Poh-Ling's presentation noted that native title claims are subject to significant hurdles relating to evidence as well as time and cost barriers. The development of native title has been severely criticised for being inequitable, over-particularised, and inconsistent with the direction taken in other countries. Given that situation, Indigenous access to water should not be made wholly co-extensive with native title.

This particularly applies to south eastern Australia where there what is described as a narrow ‘recognition space’. The presentation also recognised that jurisdictions have adopted an uneven approach under the National Water Initiatives to Indigenous interests in water. Of the seven jurisdictions analysed in her review, four do not refer to Indigenous requirements in the statement of objectives in water legislation.

There are important lessons to be gleaned from the study of legal and policy provisions in each jurisdiction, and some models for 'best practice’ features can be derived from each jurisdiction:

  1. Statement of Objectives: NSW’s legislation includes an objective to ‘foster benefits to Indigenous people in relation to their spiritual, social, customary and economic use of land and water’.
  2. Indigenous participation in water consultative committees: It is suggested that Queensland’s provision which requires representatives of cultural, economic and environmental interests on such committees be adopted as it allows for representation where Indigenous communities are present.
  3. Comprehensive policy guidelines and protocols on Indigenous engagement: Guidelines, strategies and protocols exist in NSW, SA, Victoria and WA. A practical handbook on Indigenous engagement in NRM written for use by SA agencies is a valuable resource.
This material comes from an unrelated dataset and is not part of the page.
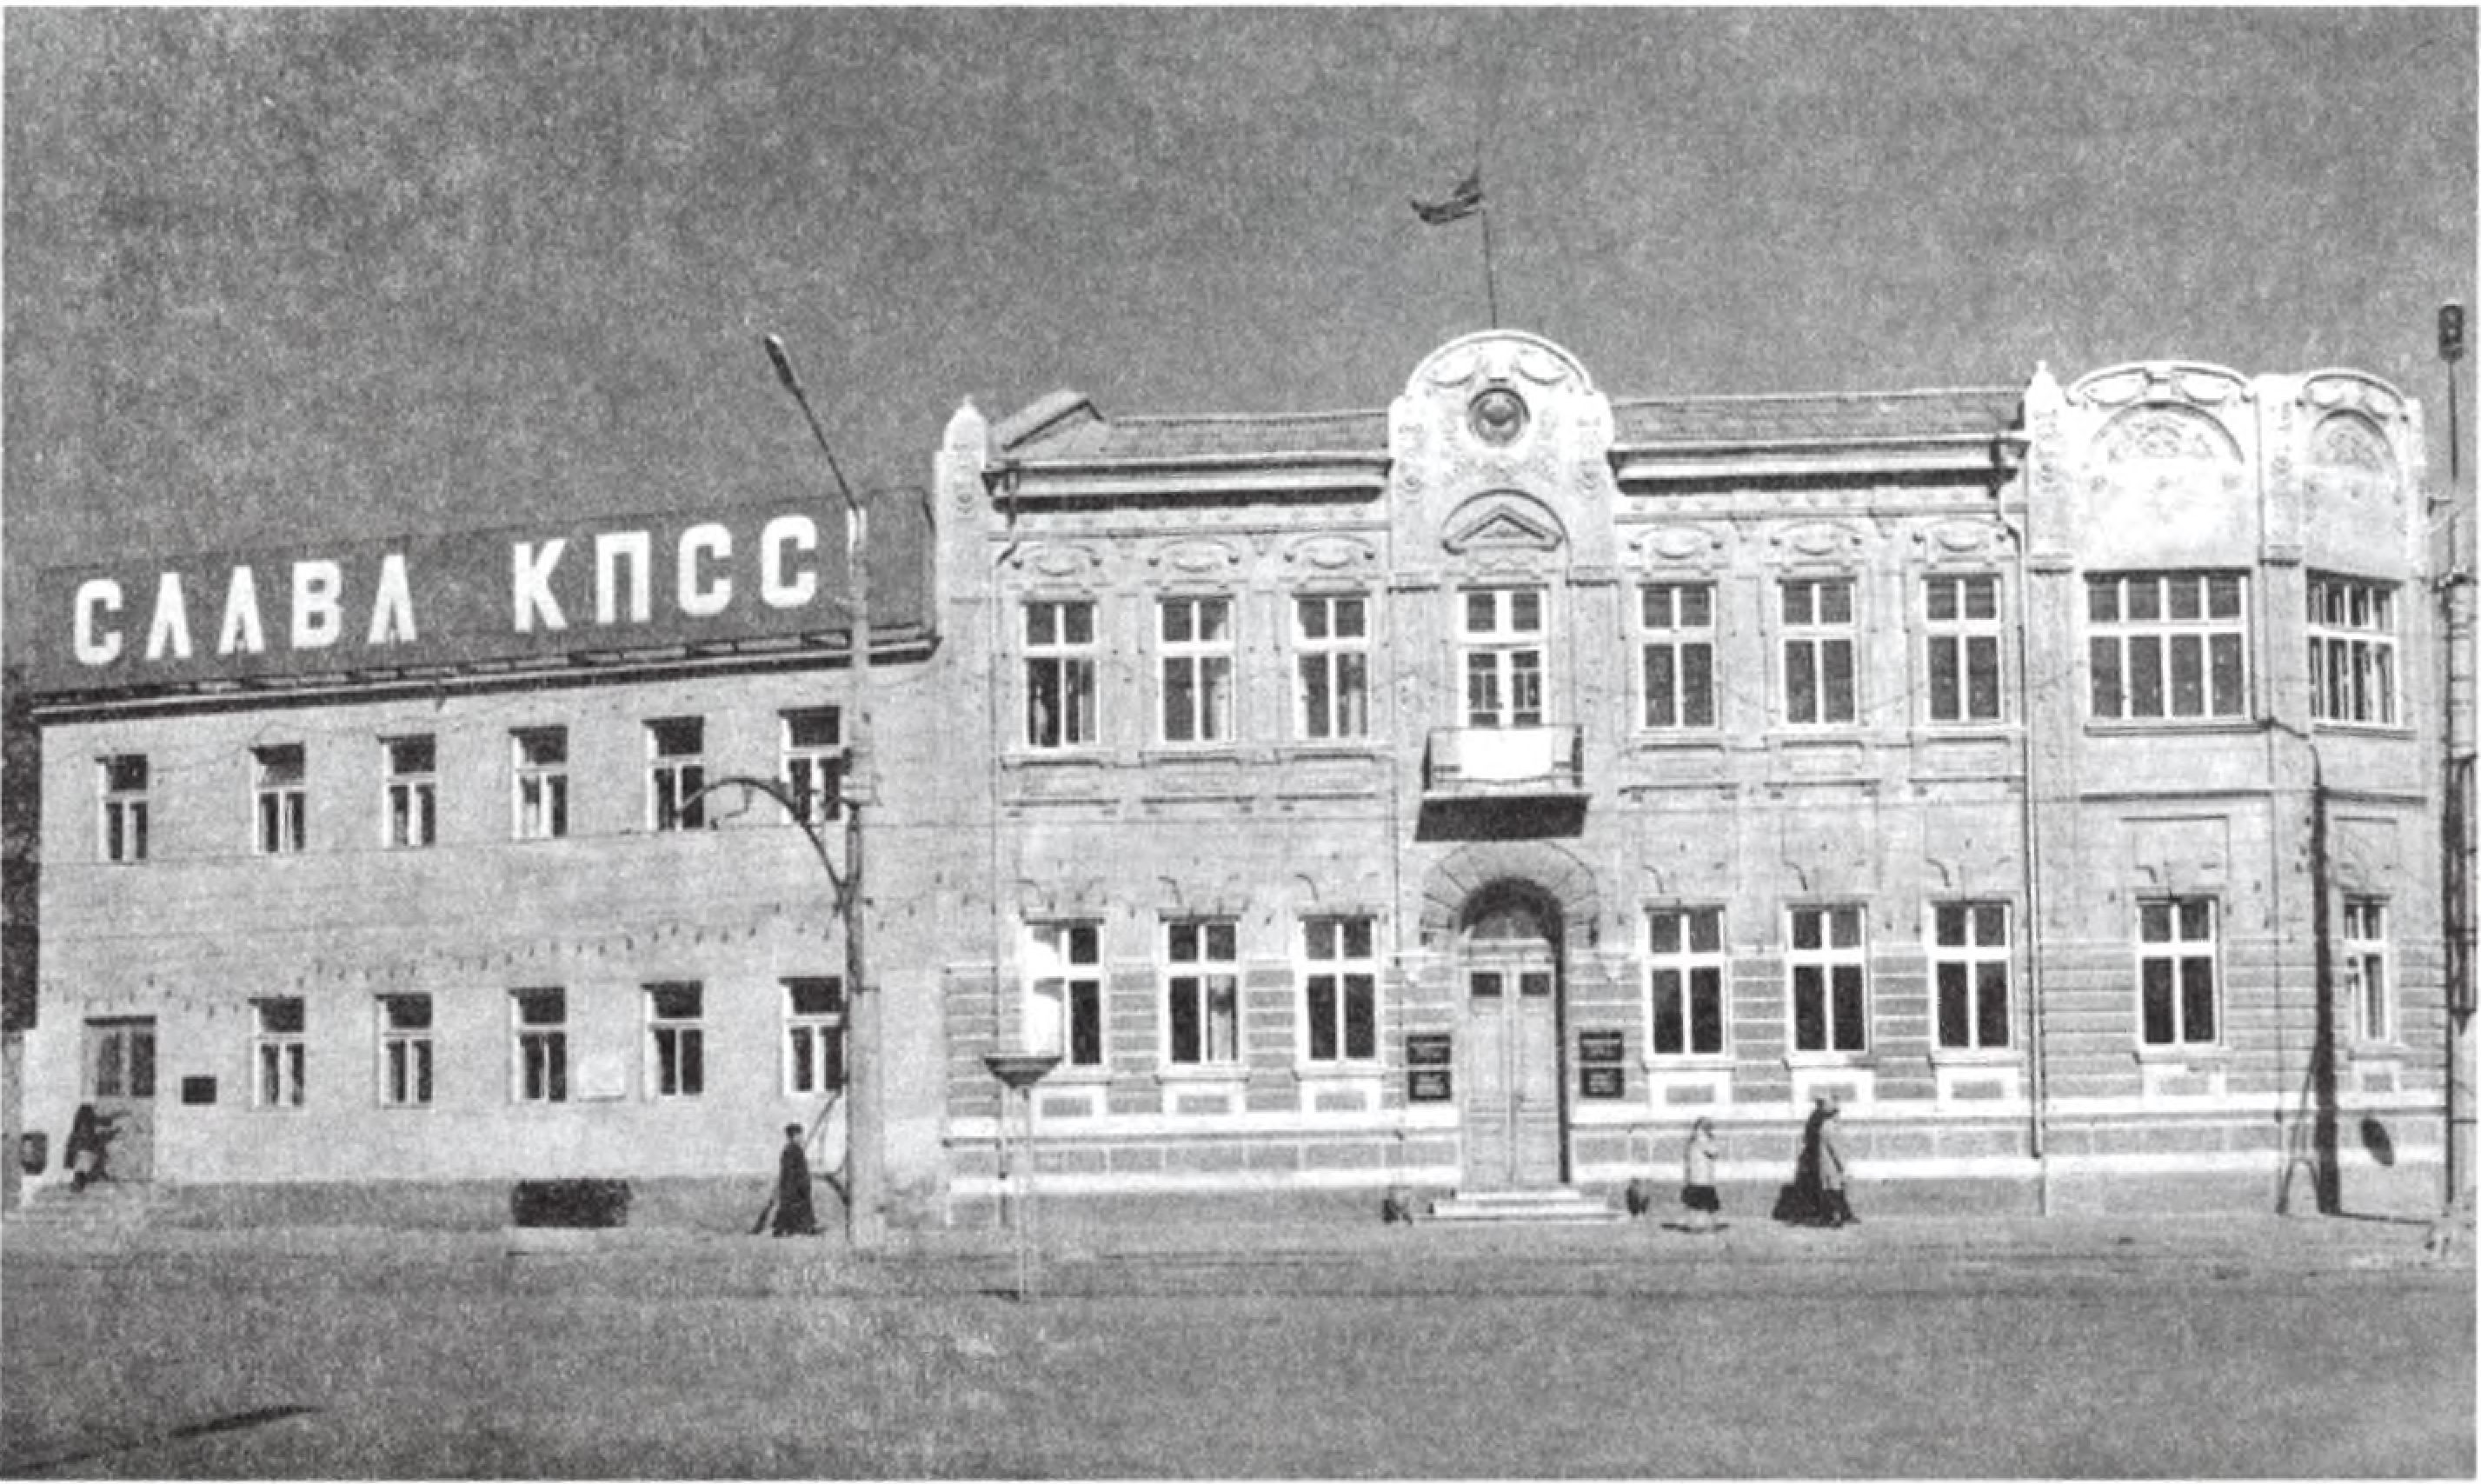 Дом Ф.Х. Овчинникова. Архитектор А.Л. Генрих. 1908 г.

By and of themselves, strategies and policies do not translate into actual provision of water in plans. The great majority of water plans do not provide allocations of water for Indigenous interests.
  4. Special measures taken to engage Indigenous people in water planning: Cultural heritage assessments are undertaken in WA and to a far lesser extent in Queensland. In other parts of Australia, for example Victoria, special compacts have been made to allow co-management of national parks to care for important sites such as the Barmah red gum forest.
  5. Special mechanisms to allocate water for Indigenous needs: Two states have special mechanisms allowing for access to water. In NSW special licences allow commercial and cultural use, and a Water Trust has been set up to fund purchases of water for specific uses. Queensland has set aside Indigenous water reserves in Cape York Peninsula for the achievement of economic and social aspirations of Indigenous people.

Poh-Ling concluded by noting that the implementation of the NWI requires the support of all Australian communities. In order to fulfil Australia's international and domestic legal responsibilities, and to successfully implement the NWI, the interests and rights of Indigenous communities need to be more effectively incorporated in water planning.